Dennoch stapeln sich in meinem Kühlschrank neuerdings die Lebensmittel. Denn bei Edeka erhält man bei jedem Einkauf nun ein Rubbellos. Da gibt es ganz tolle Preise zu gewinnen. Ein Auto zum Beispiel oder ein Jahr Mietfreiheit. Man muss nur auf sechs Feldern dreimal das zum jeweiligen Gewinn gehörende Symbol freirubbeln. Drei von sechs: ein Kinderspiel, sollte man meinen, und ich war schon öfter so nah dran! Zweimal hätte ich fast die Vespa gewonnen. Das heißt, ich hatte schon nach kurzem Rubbeln zweimal das Vespa-Symbol freigelegt. Es fehlte nur noch ein korrektes Feld, praktisch ein Elfmeter, und was kam dann? Nichts! Das muss man sich mal vorstellen! Und beim zweiten Mal genau dasselbe.

Das kann im Grunde gar nicht sein, dass man da immer so knapp vorbeischrammt. Hab ich mir irgendwann gedacht. So viel Pech kann doch ein Mensch allein überhaupt nicht haben. Manchmal denke ich fast, die wollen einen richtiggehend dazu verlocken, dass man dort einkauft. Und es geht ihnen gar nicht darum, dass sich irgendjemand freut, weil er was gewonnen hat. Das riecht doch nach Betrug!

Ich hätte gute Lust, zur Polizei zu gehen, aber ich hab ja keine Beweise. Jedenfalls noch nicht. Als ich wie so oft zum dritten Mal am Tag in der Kassenschlange stand, kam mir die Idee: Im Grunde müsste ich mich in die Schaltzentrale der Betrüger schmuggeln, um ihre Machenschaften aufzudecken. Erst die Kamera am Zaun mit einem Steinwurf ausschalten und die Hunde mit so einer Schlafmittelwurst, dann hinter den Wachen vorbeischleichen und durch so enge Lüftungsschachts kriechen, bis hin zu dem Raum, wo die Halunken Sekt trinken und ihre Verbrechen planen.

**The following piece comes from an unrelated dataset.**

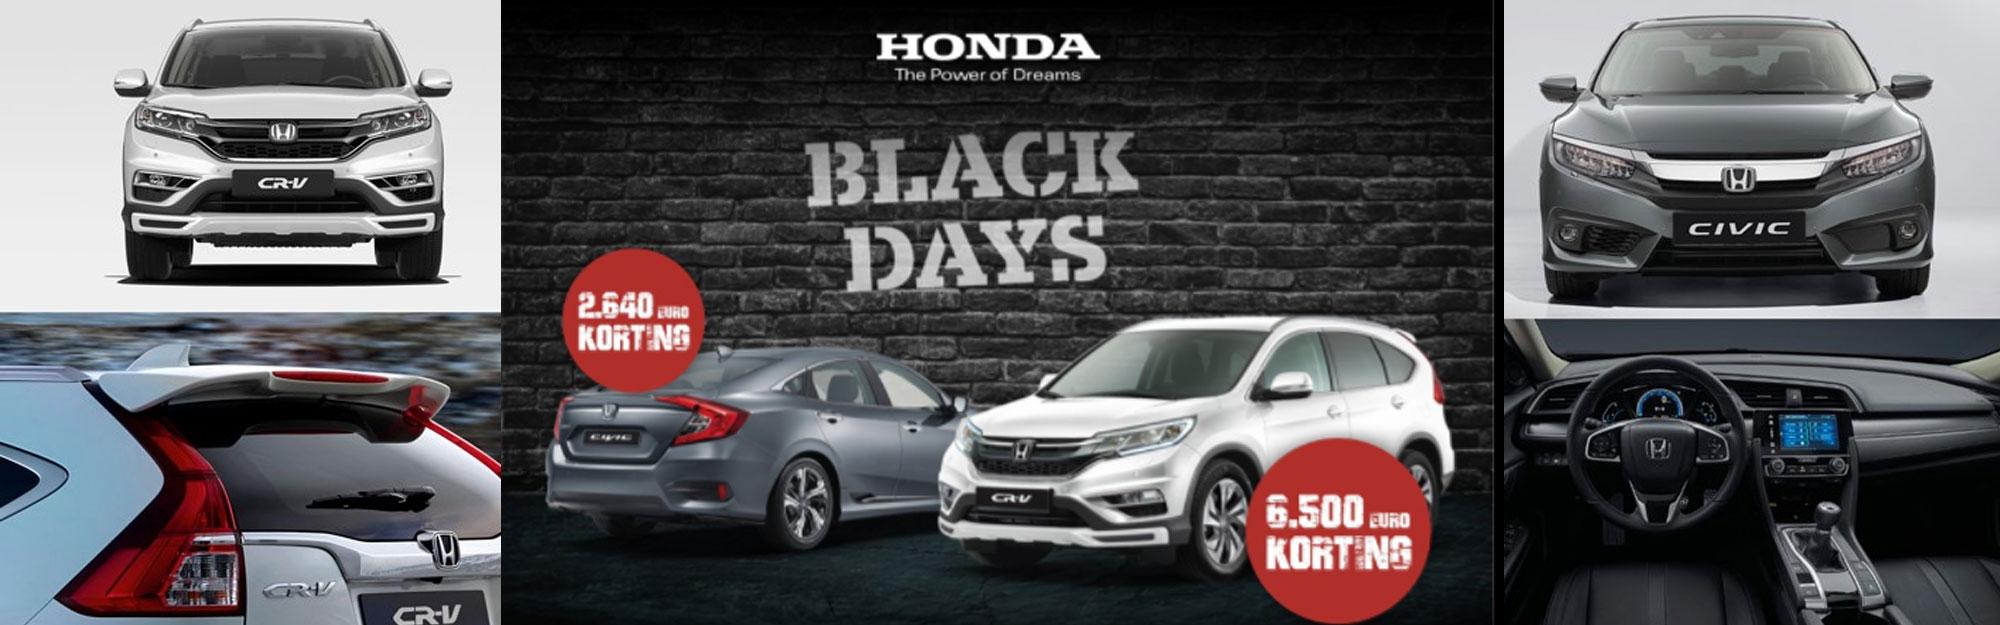 Honda Vabis Black Days 2017

Und dann von oben durch so ein kleines Lüftungsgitter hindurch alles in Bild und Ton dokumentieren. Haarklein. Das wäre sicher gefährlich, aber einer muss es ja tun. Und viele Leute scheinen gar nicht zu wissen, wie sehr sie manipuliert werden. Die kümmern sich bloß um Armut, Ausbeutung, Unterdrückung und so’n Kram anstatt um die richtigen Schweinereien.

Denn längst bin ich rubbellossüchtig. Edeka hat mich verantwortungslos angefixt. Es ist die undankbarste Variante der Spielsucht. Denn der gewöhnliche Spielsüchtige wird wiederholt mit kurzen Zwischenerfolgen belohnt, die ihn dann weitermachen lassen – ähnlich dem Mechanismus bei der Sucht nach Substanzen: Sucht nach dem Kick, Befriedigung durch den Kick, Abflauen des Sättigungszustands, Anschwellen der Sucht und alles wieder von vorn.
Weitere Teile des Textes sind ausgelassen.